How can i trust my interpolated data / the predicted data from my net. I am tackling a system for which a particular output is sampled irregularly.sometimes i have missing data for nearly some 100 samples .I don't have continuous data to even train my network.I interpolated using in-painting technique(used for filling images) for time series data. Do i trust my interpolated data ?
Whatever kind of data you will introduce (see the suggestions other colleagues have given to you) instead of the lost data, remember that they will deeply and dramatically influence the ANN forward behaviour. So, take care of it.
You can use dataset with missing data, but you need to know that prediction in that range will not be reliable. It depends on application if you can interpolate data for missing range.
for the sake of testing various solutions suggested above, I want to create a time series dataset with missing values either random or interval. Would you please introduce some works in literature that explain how to create datasets of this type in the field of machine learning?
The result will depend on cross-dependency between missing and available elements of input vectors and/or the importance of missing ones.
If the inputs are dependent, there is redundancy of information, so the missing parts can be deduced in many ways. In such case several techniques proposed above will bring quite good results. E.g. I like the one with triggers/valves for each input ;). Whilst if the inputs are independent, then any trick applied to deduce the missing ones will fail.
If the missing parts have strong impact on neural network output and they are not deduced properly, then the errors will be huge. If the missing parts have minor influence then it will be OK, regardless of efficiency of the applied method of deduction.
To relevant issues ... might be tricky to formulate any general conclusions and estimate efficiency of applied methods after an experiment performed on specific data.
Sensitivity analysis applied to neural network can be used to estimate the importance of particular input.
It might be also helpful to check the cross-dependency, e.g. by training some neural networks predicting one inputs from the other ones (somewhat suggested above, but I mean independent experiment, performed before the real training), or by studying the mixed derivatives in sensitivity analysis, again.
Missing data may have different characteristics than existing data. Thus, training with missing data neglect this situation and consequently the rows with missing data should be discarded or they will cause the increasing in the impact of overwriting and underfitting problem with random weight assignment for the row with missing data
There are several packages in R (like mice) which can impute your missing data.
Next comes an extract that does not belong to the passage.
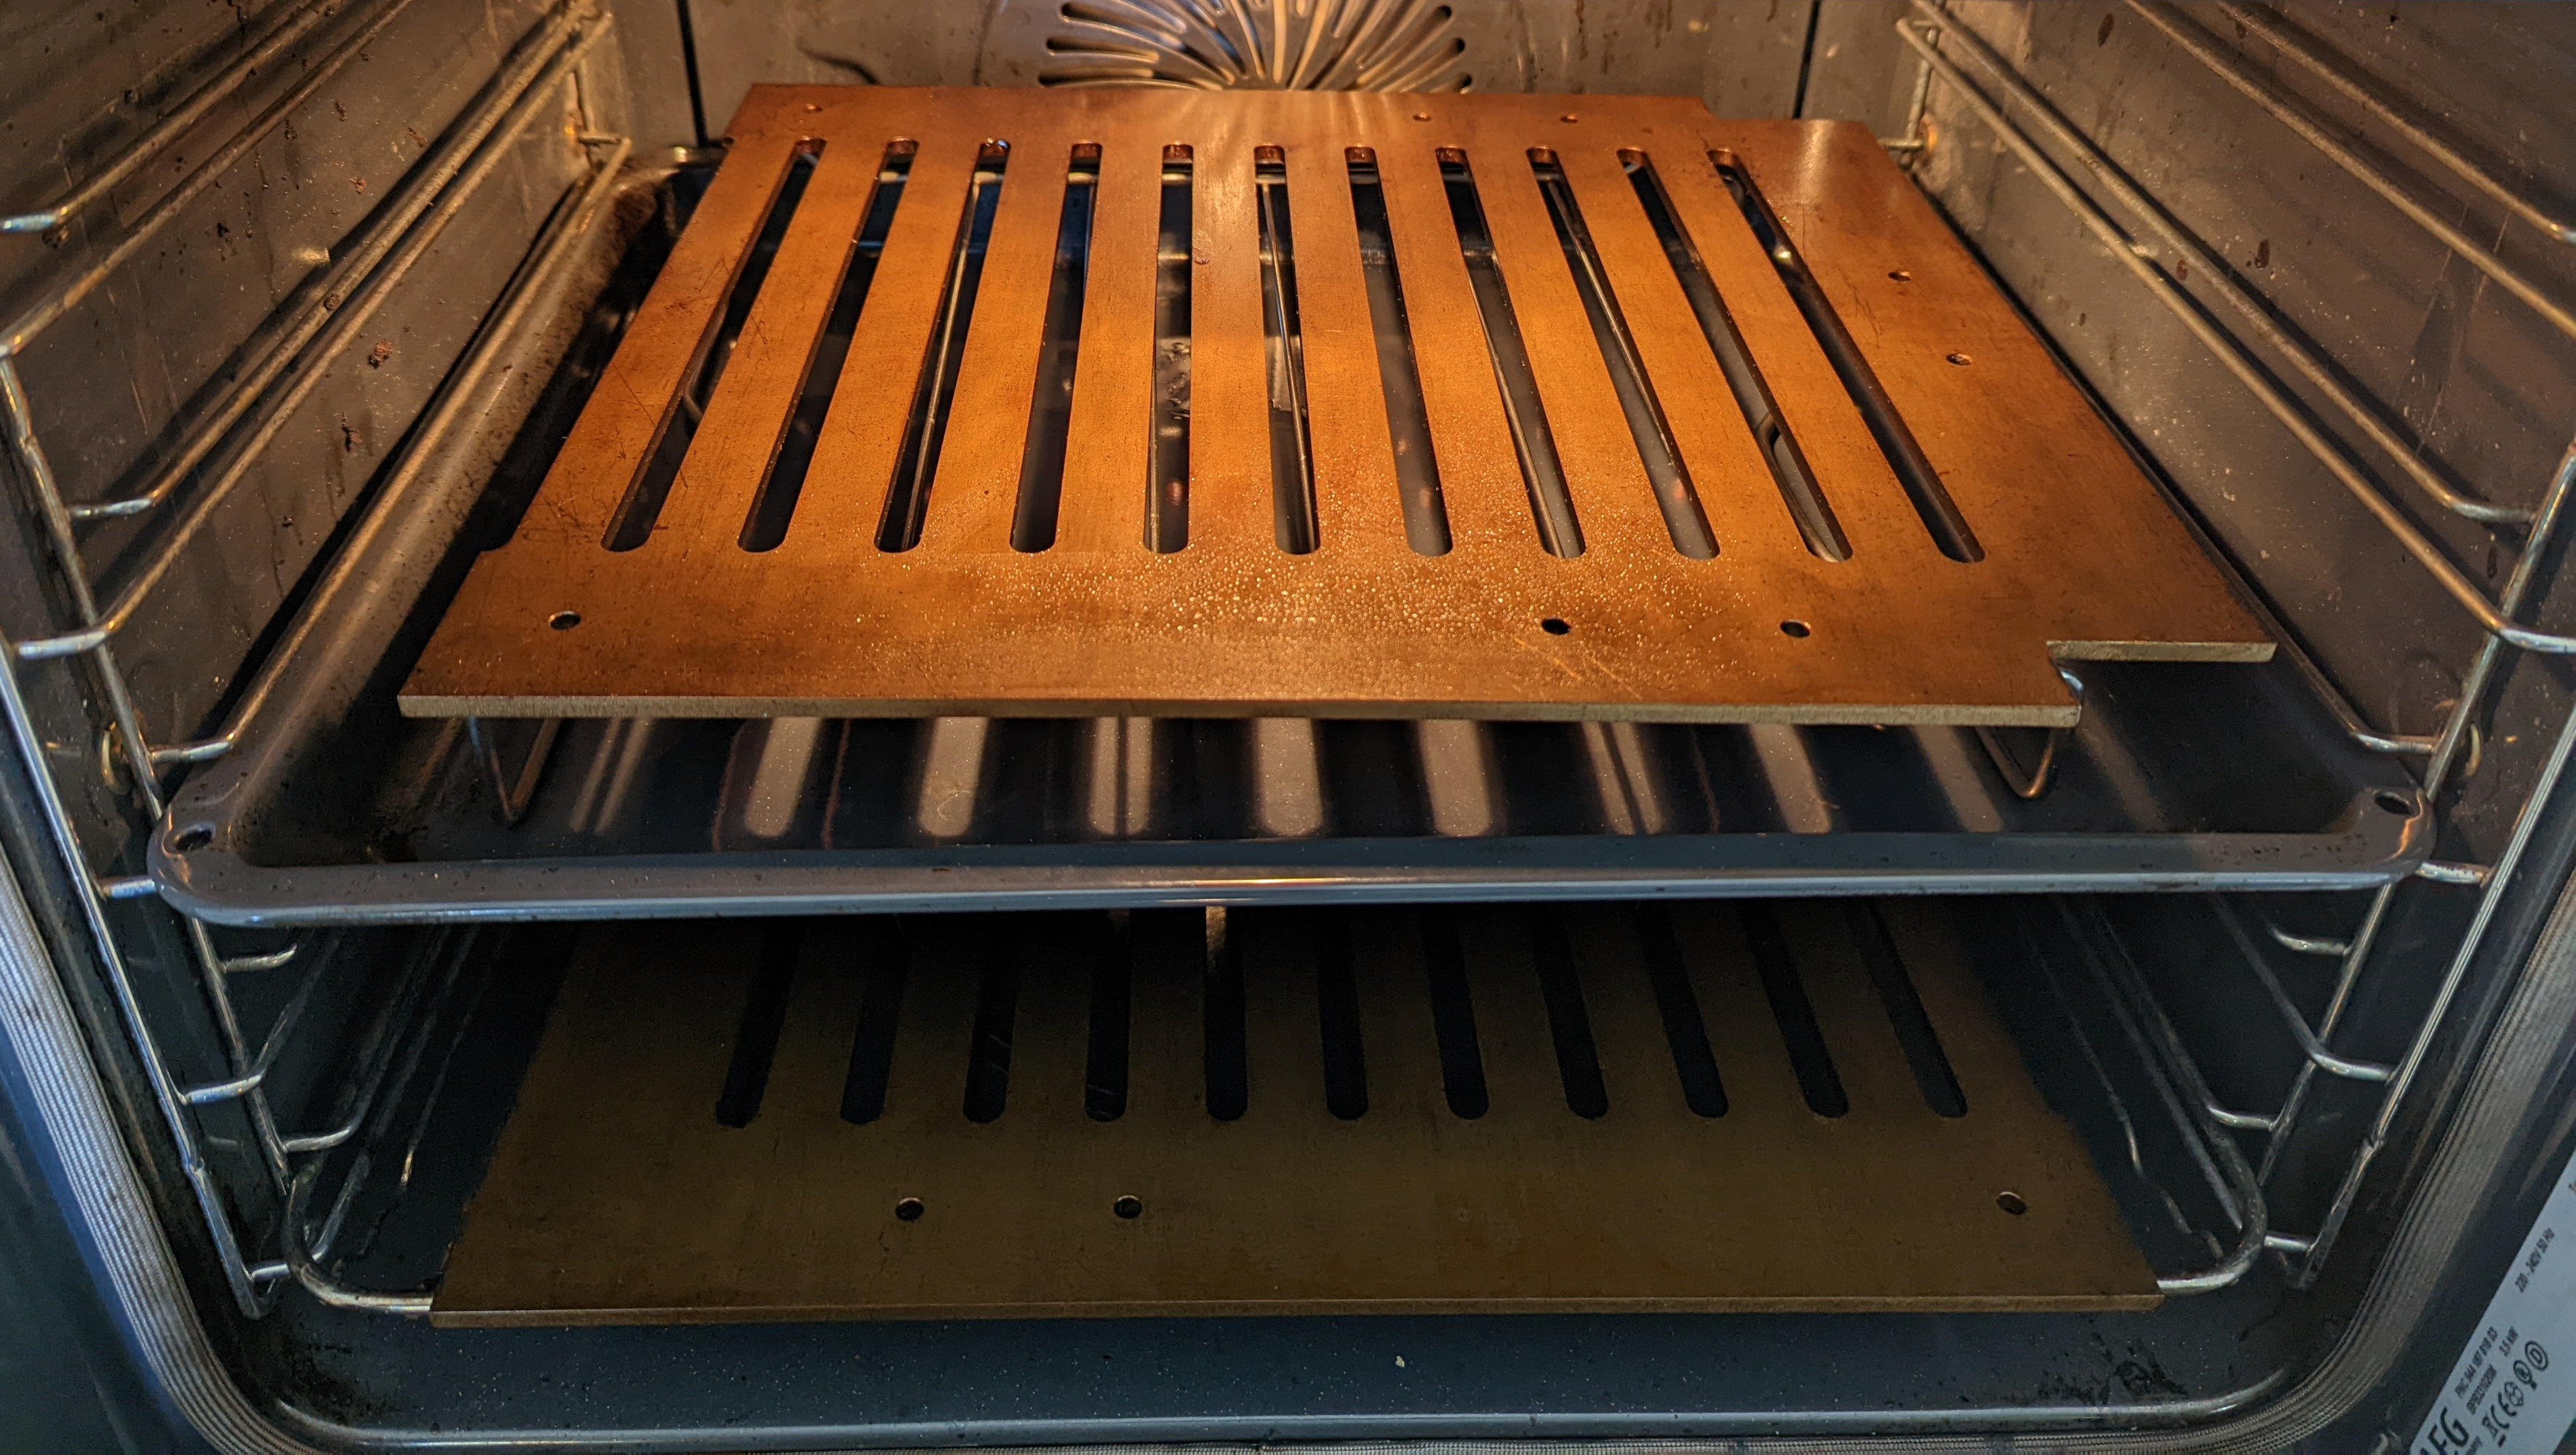 Two brown steel grates sitting on racks in a fan forced oven.
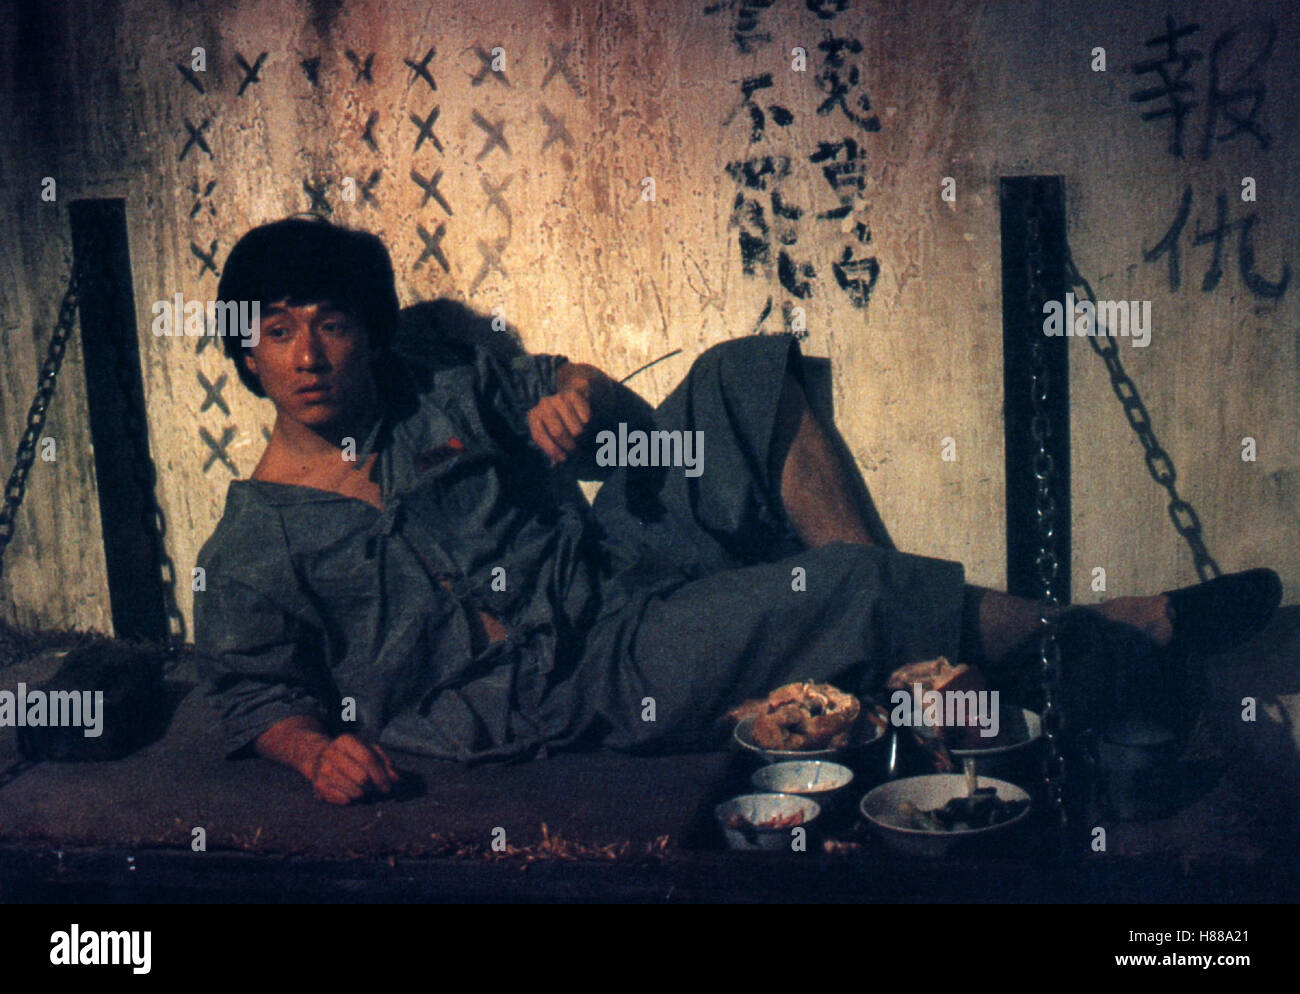 Projekt B, (A CHI-HUA II) HK 1987, Regie: Jackie Chan, Jackie Chan, Stichwort: Pritsche, Gefängnis, Zelle, Häftling Foto Stock

You can use them to impute the missing data and then do the neural network.
I believe that firstly you need to get the rid of missing data using different techniques since if not, then it is meaningless to multiply a "Nan" Input with a weight and add a bias, do a back propagation ,etc.
The output layer will have "Nan" s and you will end up with a wrong classification. So a net trained by a neural network WITH missing data is not valid.
Consider a transformer framework for tabular data, tabnet, mask the missing value and do the MLM task to predict the missing value.
A similar idea is Cui and Fen 2021. They use a transformer and train the numeric data with missing values and in the inference time, the model predict the missing values. Their experiment show a better RMSE than hot-decking or kNNs.
Cui, Zhengyuan, and Cameron Fen. 2021. “Using Transformers to Impute Missing Data.”